Could you return all of the entries word for word, minus any pictures?

# GIVEN DATA:
%%

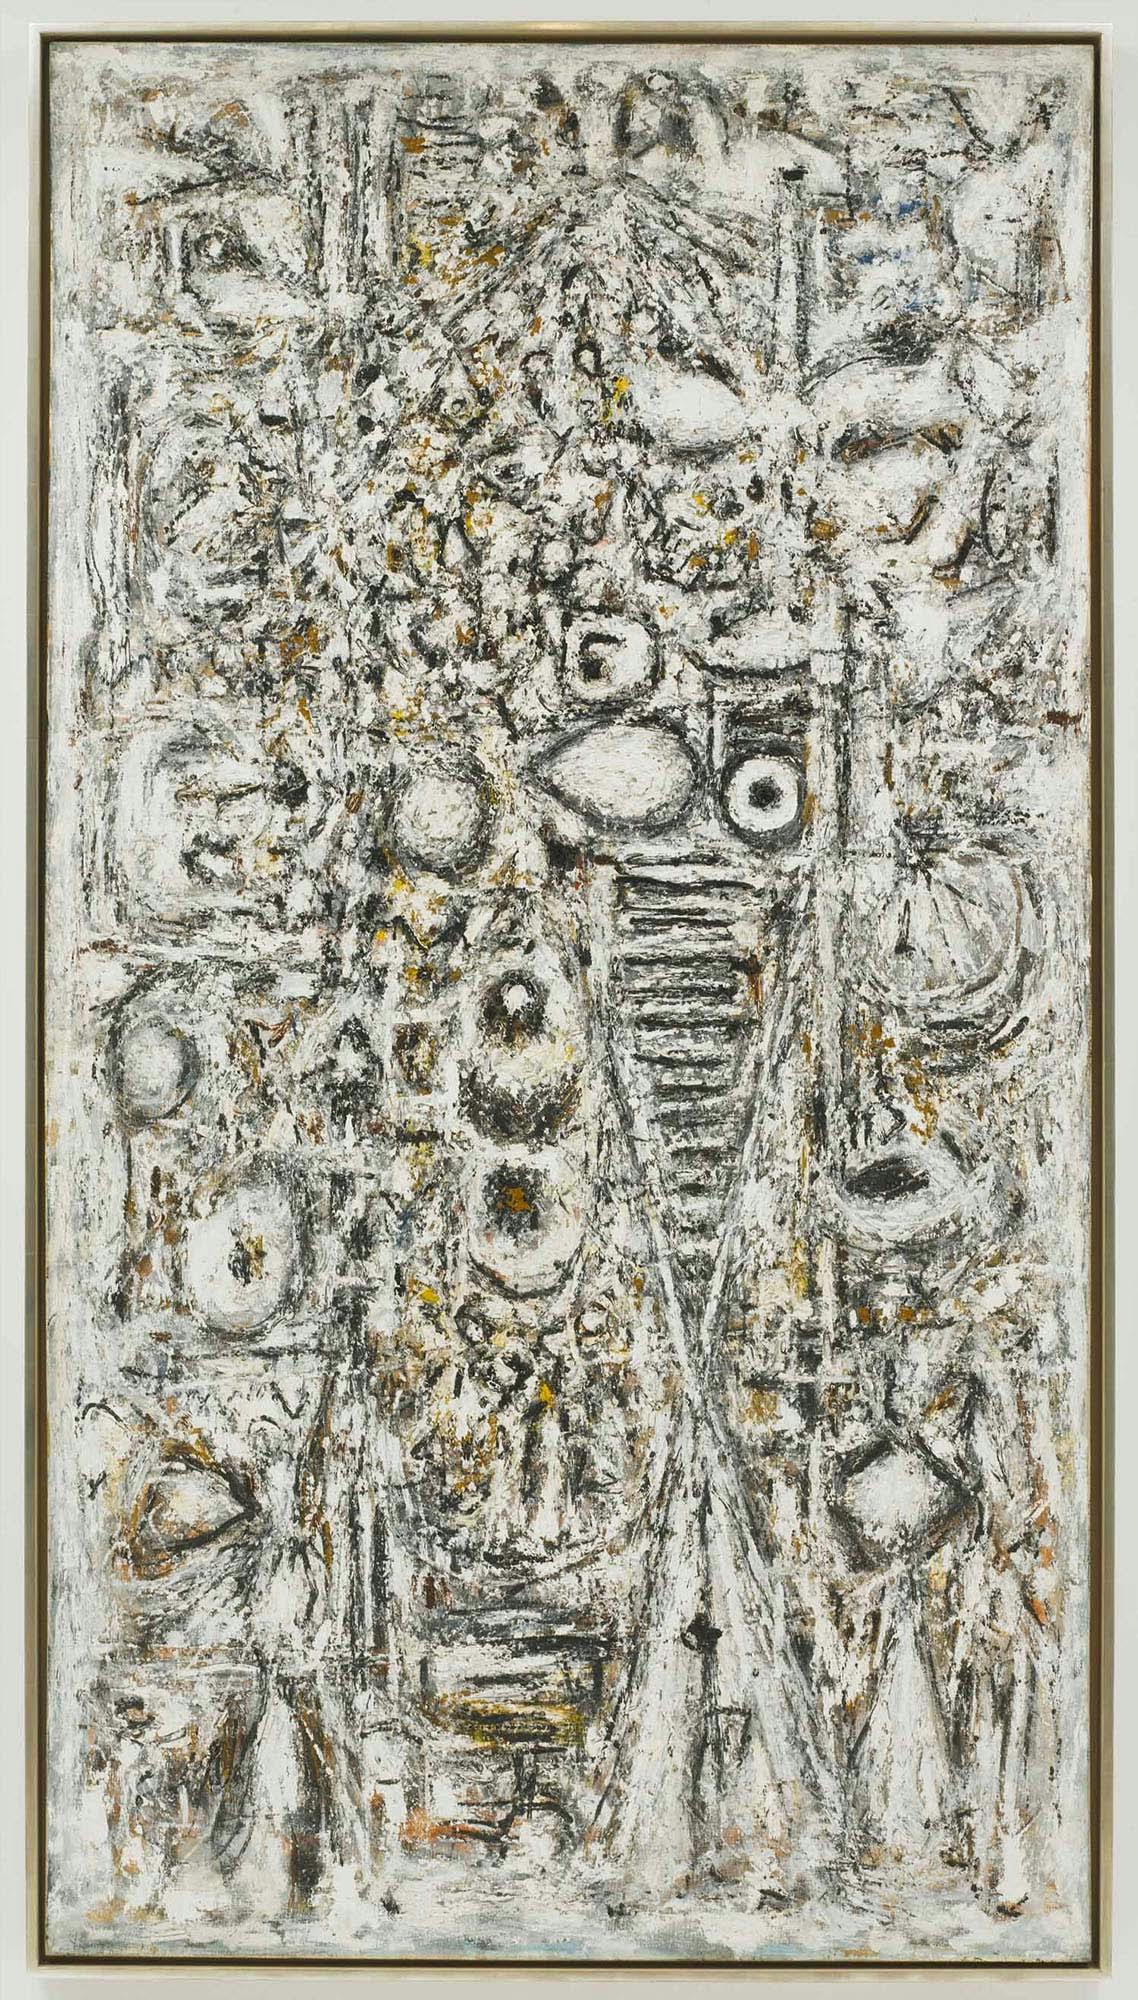 Shadow of the Unknown Bird [Illumination]
1955–58
Oil on linen
95 1/2 x 52 1/2 in. (242.6 x 133.4 cm)
Colby College Museum of Art, Waterville, Maine
 – The Richard Pousette-Dart Foundation
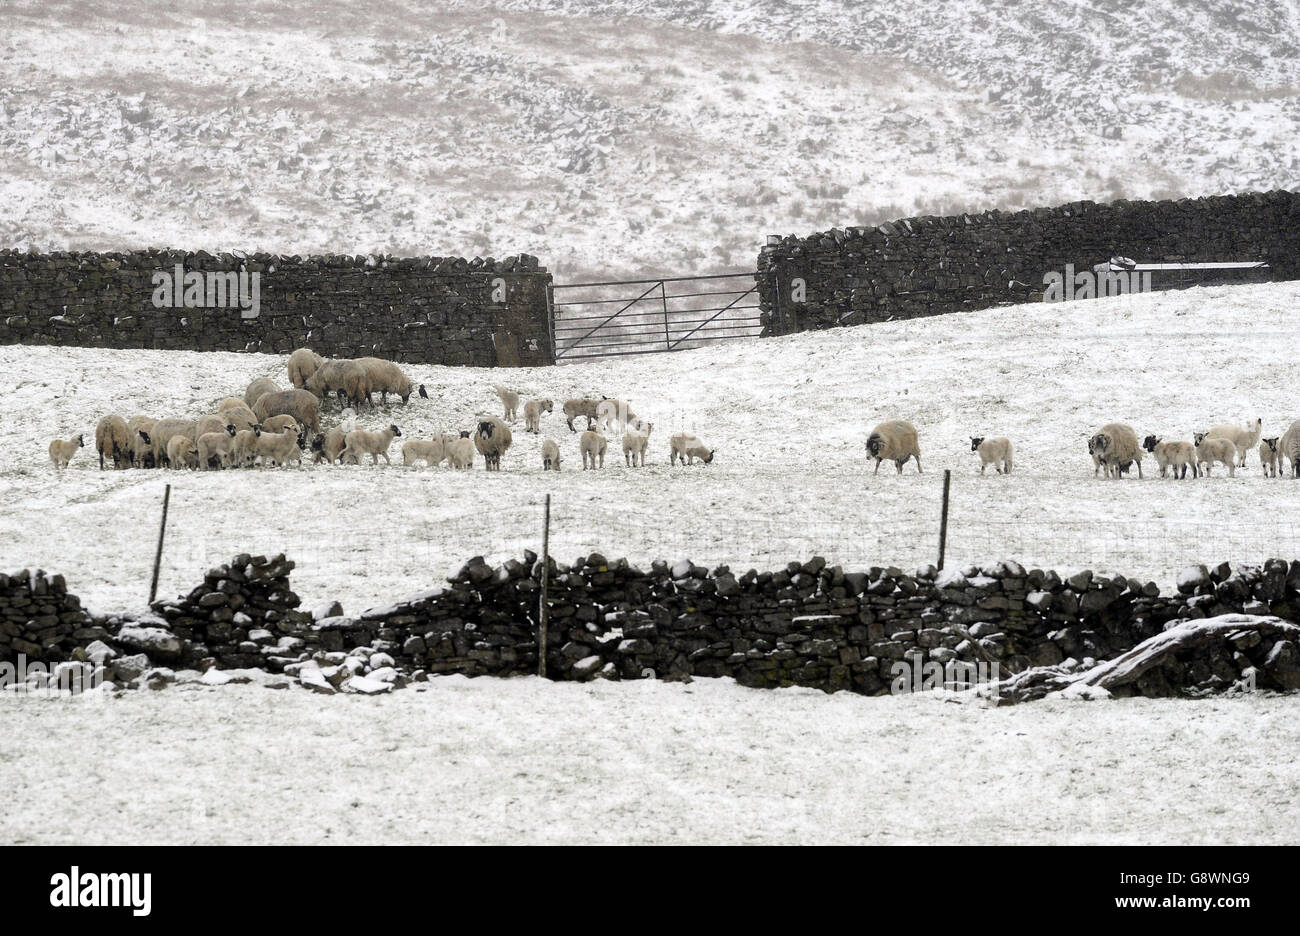 Winter returns to the Yorkshire Dales as the May Bank Holiday gets off to a cold start as this group of lambs look for shelter in fields near Hawes. Stock Photo

%%

# ANSWER FOR THIS EXERCISE:
 Shadow of the Unknown Bird [Illumination]
1955–58
Oil on linen
95 1/2 x 52 1/2 in. (242.6 x 133.4 cm)
Colby College Museum of Art, Waterville, Maine
 – The Richard Pousette-Dart Foundation
 Winter returns to the Yorkshire Dales as the May Bank Holiday gets off to a cold start as this group of lambs look for shelter in fields near Hawes. Stock Photo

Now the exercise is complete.